Based on Burrage, split Sixth Circuit panel reverses federal hate crime convictions for Amish beard-cutters

Regular readers may recall lots of coverage early last year concerning the unusual federal hate crime prosecution and sentencing of a group of Amish who assaulted others in their community in the midst of a religious dispute.  The convictions were appealed to the Sixth Circuit, and a panel this morning reversed the convictions based on the intervening Supreme Court decision in the Burrage mandatory sentencing case.  Here is how the majority opinion, per Judge Sutton, in US v. Miller et al., Nos. 13-3177 et al. (Aug. 27, 2014) (available here), gets started:

A string of assaults in several Amish communities in Ohio gave rise to this prosecution under Section 2 of The Matthew Shepard and James Byrd, Jr. Hate Crimes Prevention Act of 2009.  The assaults were not everyday occurrences, whether one looks at the setting (several normally peaceful Amish communities), the method of attack (cutting the hair and shaving the beards of the victims), the mode of transportation to them (hired drivers), the relationship between the assailants and their victims (two of them involved children attacking their parents), or the alleged motive (religious-based hatred between members of the same faith).  A jury found that four of the five attacks amounted to hate crimes under the Act and convicted sixteen members of the Bergholz Amish community for their roles in them.

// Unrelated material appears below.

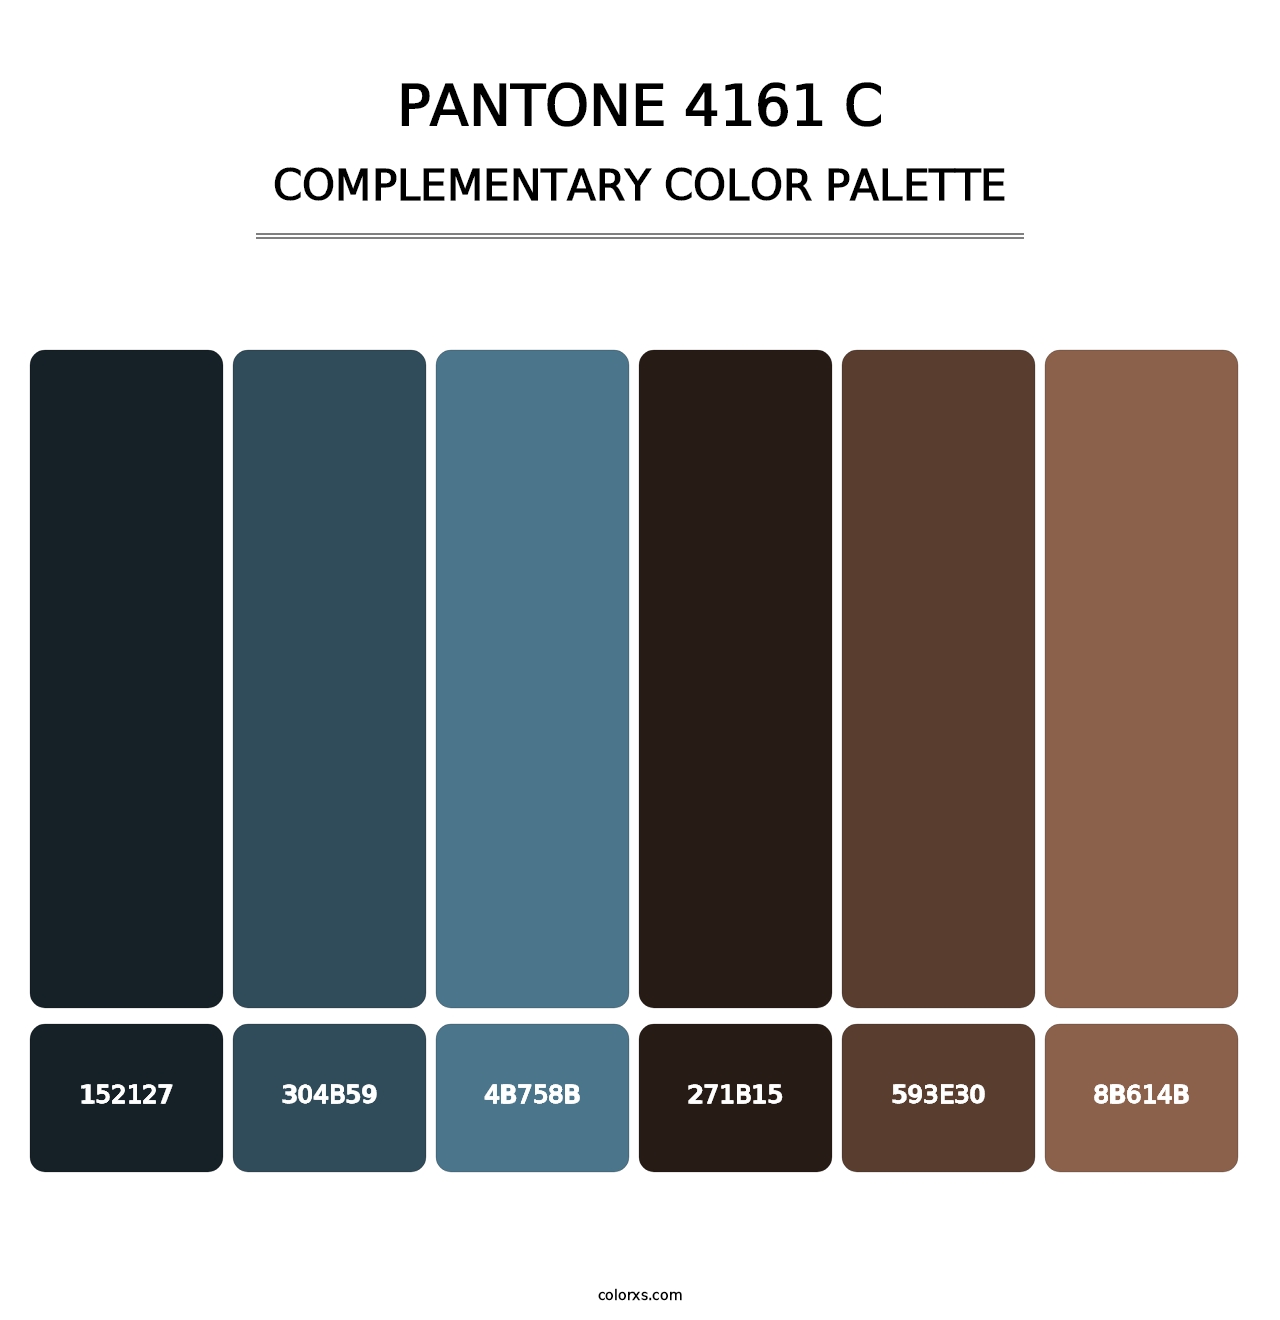 PANTONE 4161 C - Complementary Color Palette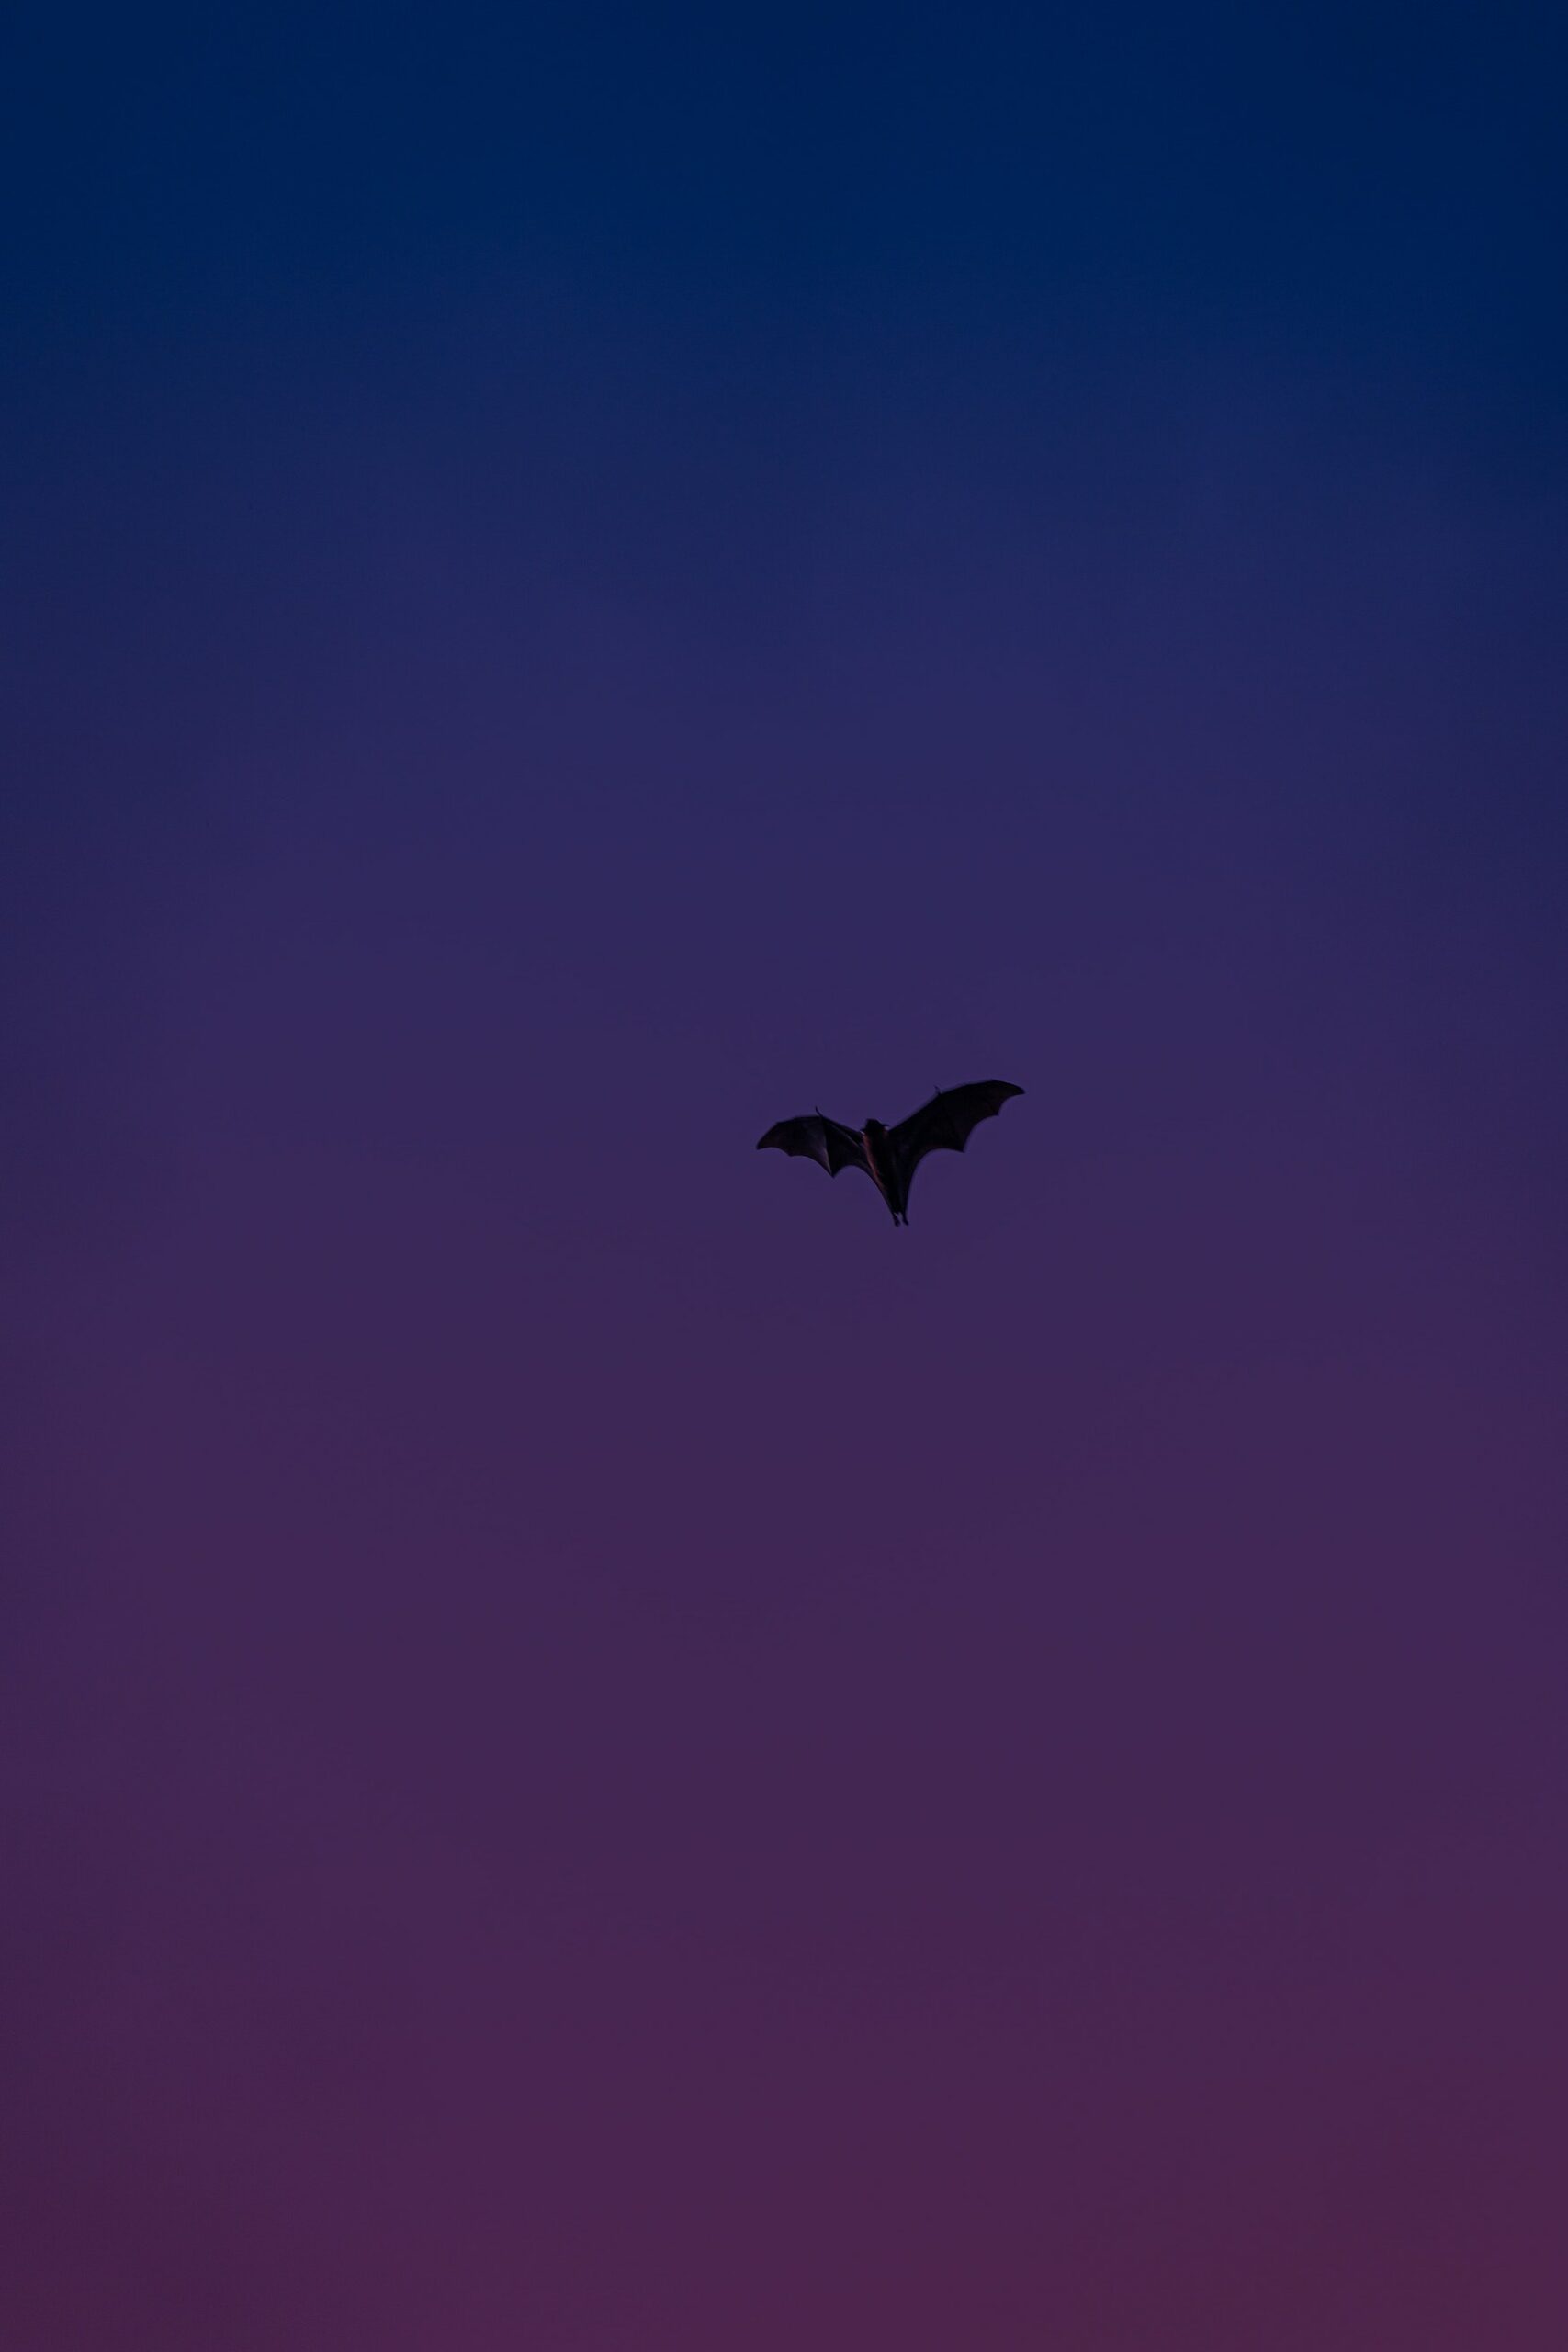 Bat at night sky in Chiemsee-Alpenland region

At stake in this appeal is whether their hate-crime convictions may stand.  No one questions that the assaults occurred, and only a few defendants question their participation in them.  The central issue at trial was whether the defendants committed the assaults “because of” the religion of the victims. 18 U.S.C. § 249(a)(2)(A).  In instructing the jury on this point, the district court rejected the defendants’ proposed instruction (that the faith of the victims must be a “but for” cause of the assaults) and adopted the government’s proposed instruction (that the faith of the victims must be a “significant factor” in motivating the assaults).  Regrettably for all concerned, a case decided after this trial confirms that the court should have given a but-for instruction on causation in the context of this criminal trial.  Burrage v. United States, 134 S. Ct. 881, 887–89 (2014).  Because this error was not harmless, and indeed went to the central factual debate at trial, we must reverse these convictions.

Here is how the dissent, per Judge Sargus sitting by designation, gets started:

This is the first appellate case involving a religious hate crime under the Hate Crimes Prevention Act of 2009, 18 U.S.C. § 249.  While I respect the majority’s efforts to construe a deceivingly simple, but actually complex, statute, I dissent.  In my view, the majority has adopted an unduly restrictive interpretation of the statute.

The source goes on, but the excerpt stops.